The relationship for me was my volunteering at a community group. I’m not a political person and don’t like doing things by committee, but I felt like I wanted to get involved so I joined up.
We ran a fundraising movie night last week that many similar and smaller groups have had success with. We seemed to have the support of a good proportion of our members but in the end our ticket sales were terrible. A quarter of our tickets sold, meaning we didn’t even break even. The friend I took along, her group had 1/6 of the members but they had sold out the theatre easily (I had heard many similar stories), which made me feel despondent. What was so different about our group?
It wasn’t the first time we’d had problems about people getting involved and I am afraid I couldn’t help myself but I posted my feelings on our Facebook group. I know, not the best way to deal with things! I wanted to shake them up a bit, remind them that everyone needs to do their bit to keep the group going so our children had somewhere to come and play, and in this easy fundraiser they had not pulled together. It was not a tactful message, but something I would have said in the same way to people’s faces.
I got angry but well thought out responses, which I expected, and a few supportive answers. But, as can happen in Internet-world, things spiraled into personal attacks. I only answered once in a general way as I could see that things were rapidly going downhill, and I became aware of what a public forum Facebook was and didn’t want to increase the vitriol.

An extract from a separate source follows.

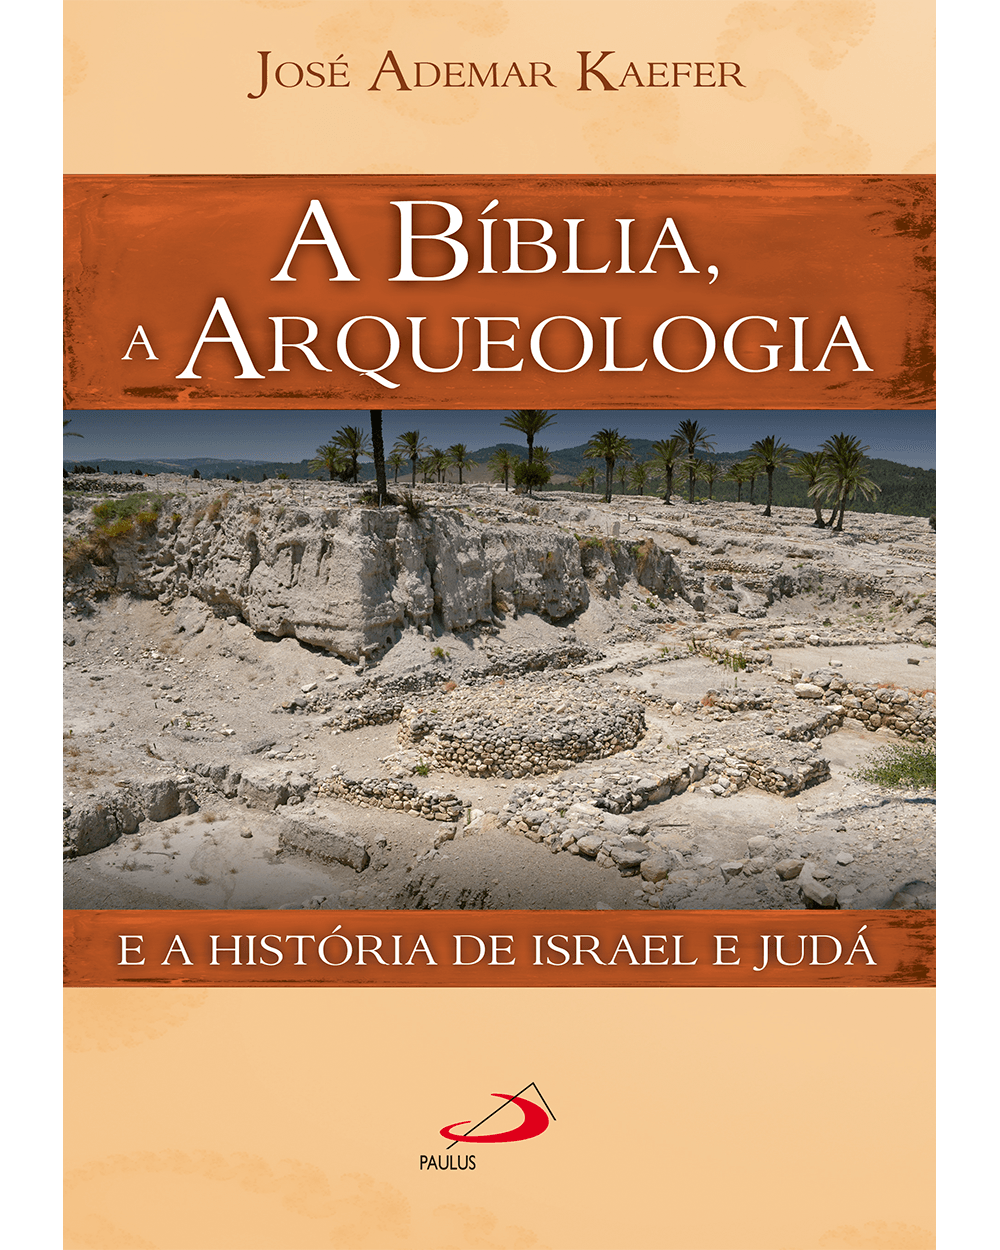 A Bíblia, a arqueologia e a história de Israel e Judá
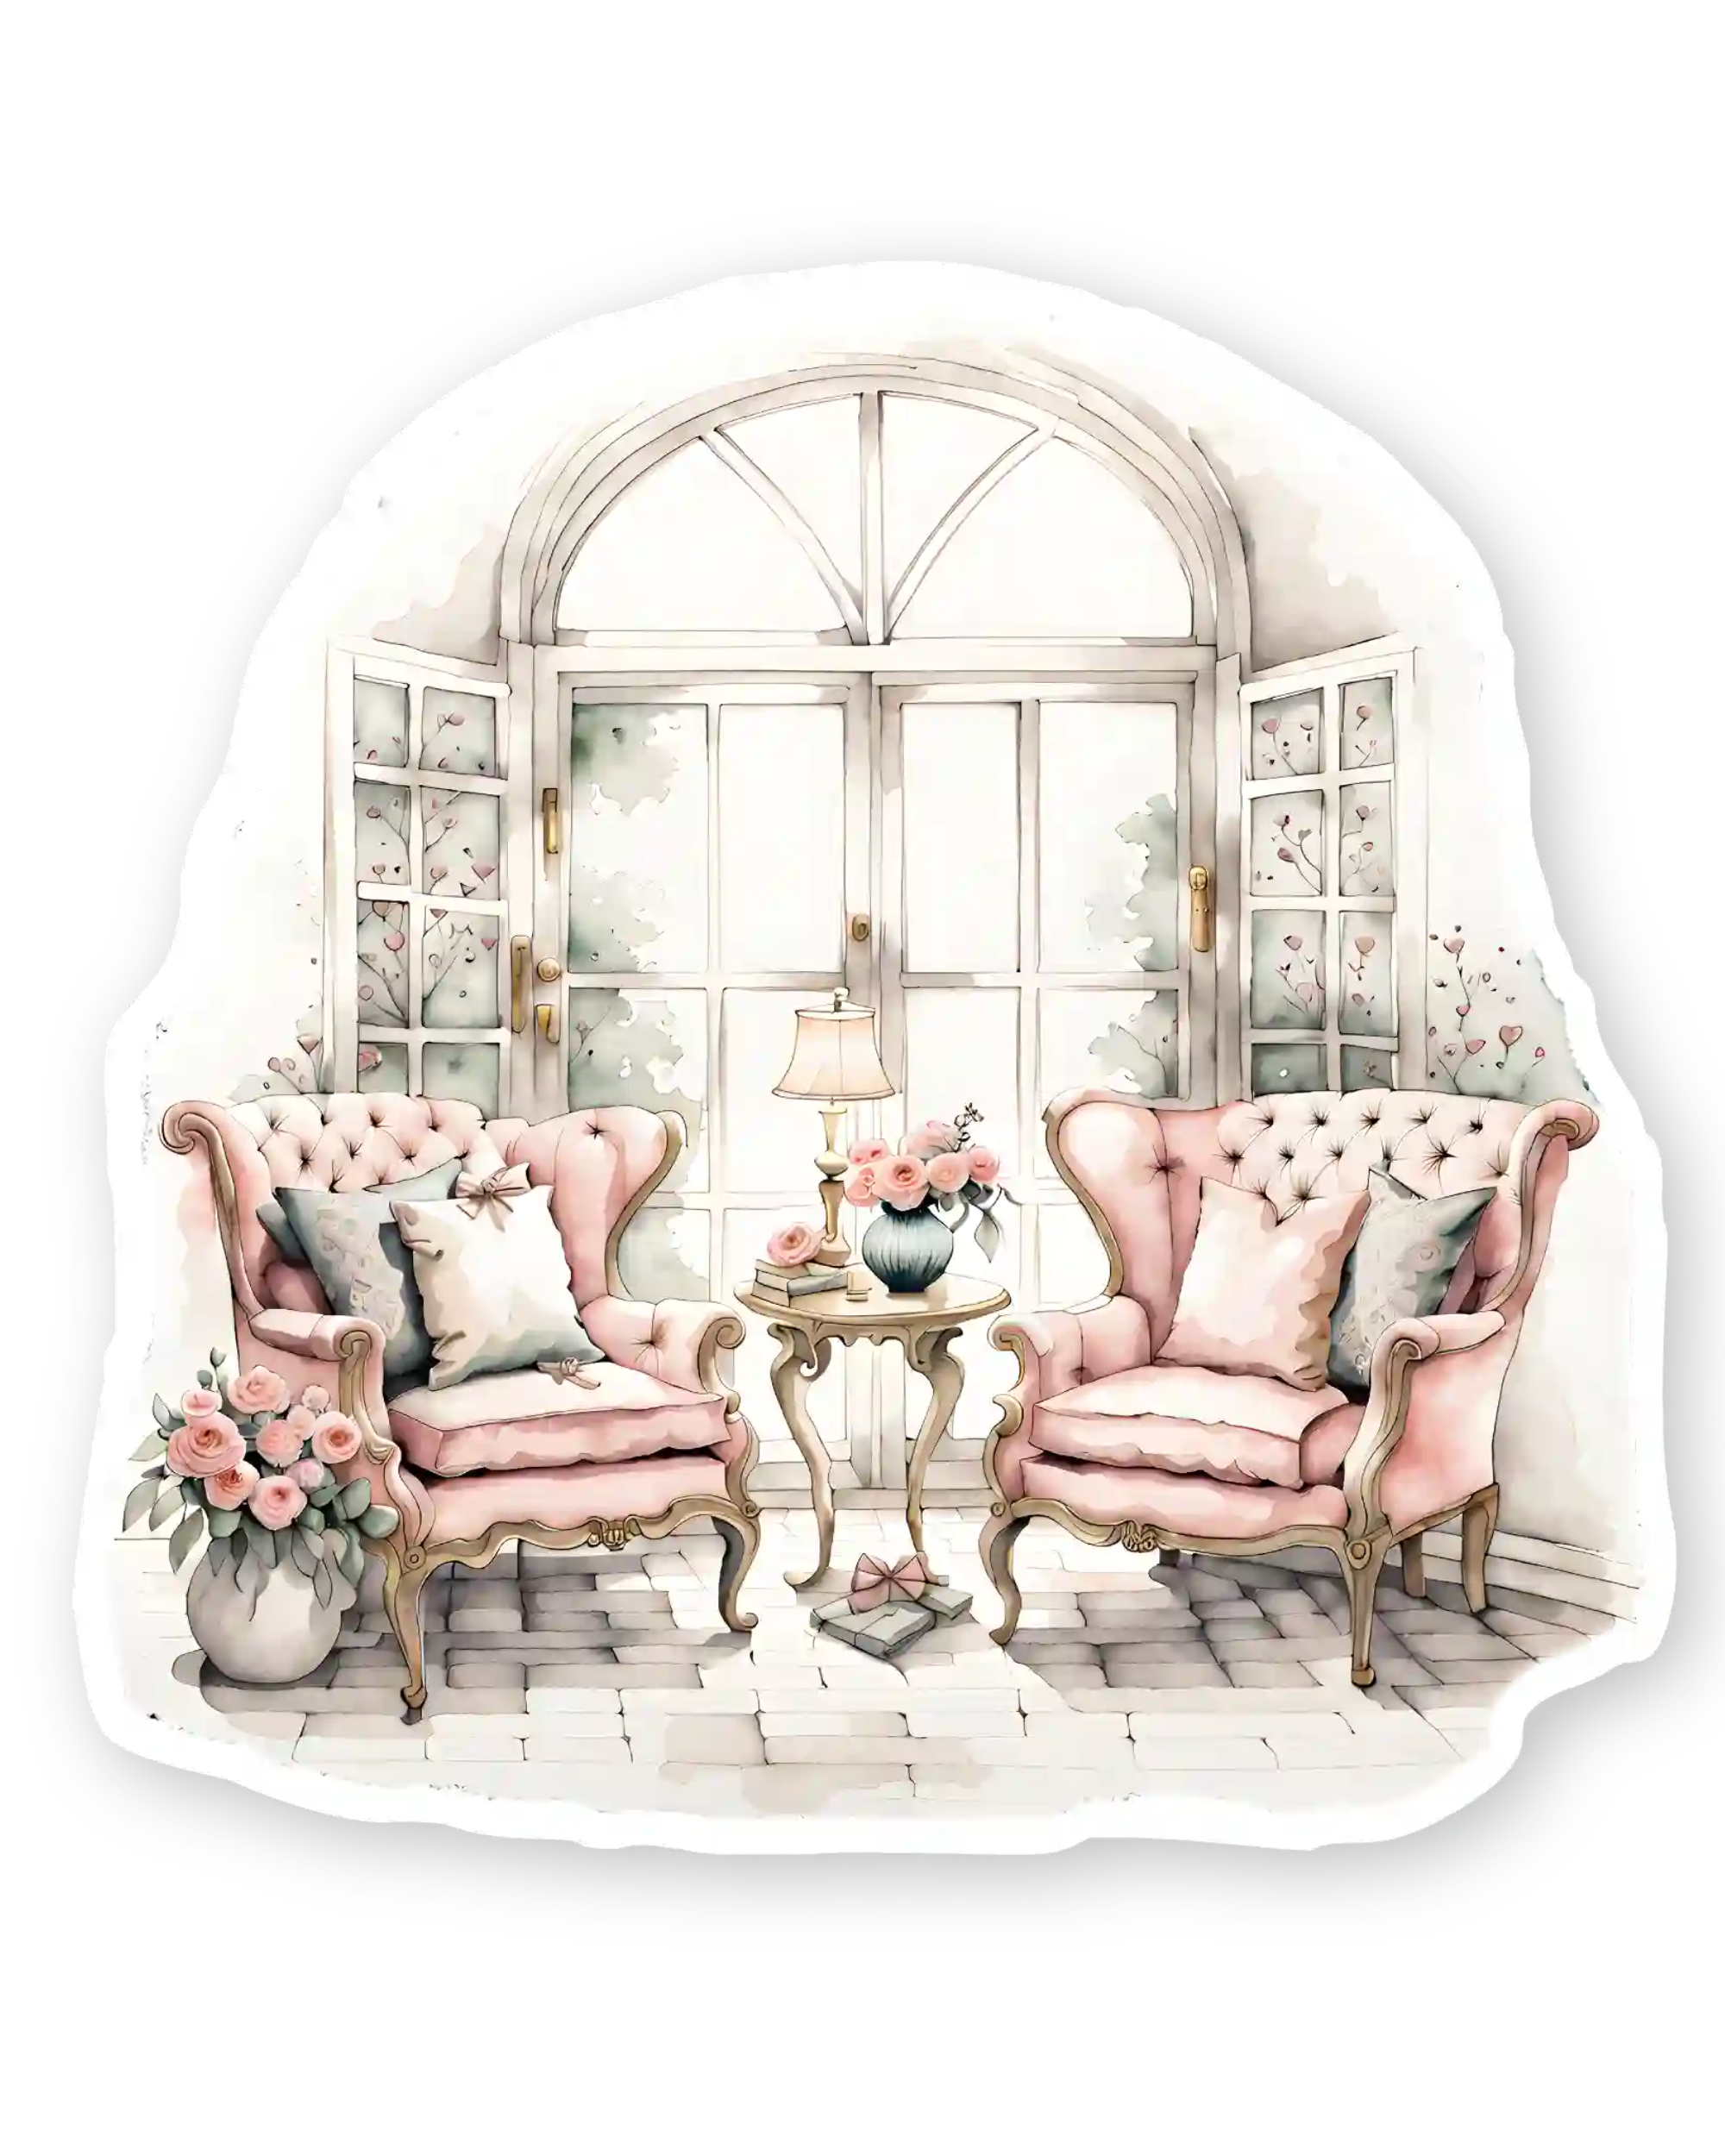 Set naljepnica za planer Everlasting, ilustracija pink fotelje pored otvorenog francuskog prozora

My relationship with these people was for me to do extra work in my free time so our children could have a great place to play. And I got some feel-good bonuses for making a difference and the wonderful friends I made along the way. It is very hard to keep your end of the bargain, when others have belittled you. Arguing the issue was what I had wanted, but once it slipped into the personal, it was like a light switched off in my mind. Perhaps others saw my bluntness as a lack of respect, but I hadn’t been personal, I had focused my criticism on the actions (or lack of) of the group in general.
I asked myself:
- Could I continue my relationship as it stood?
- Could I continue the relationship even if I stepped down?
Once respect has been lost from one side, it’s a hard to piece a relationship back together. I know in the past I have struggled believing this, and have soldiered on, sure I could fix things. I lived with my now ex-husband who regularly belittled me, and I stuck in there, being so sure there was something I could do to fix it all. Now I don’t want to fix things. I want respect in my life, including in times of disagreement.
I was sad to step down from the committee, but I found I really did not want to spend my free time working on projects for people who had flamed me. I haven’t decided about staying in the group in general, but I do know I will keep many of the wonderful friendships I have made through the group.
Respect is a funny thing, it’s hard to grasp back once it’s gone. I am still puzzling over this and you might have some better ideas, I’d love to hear them!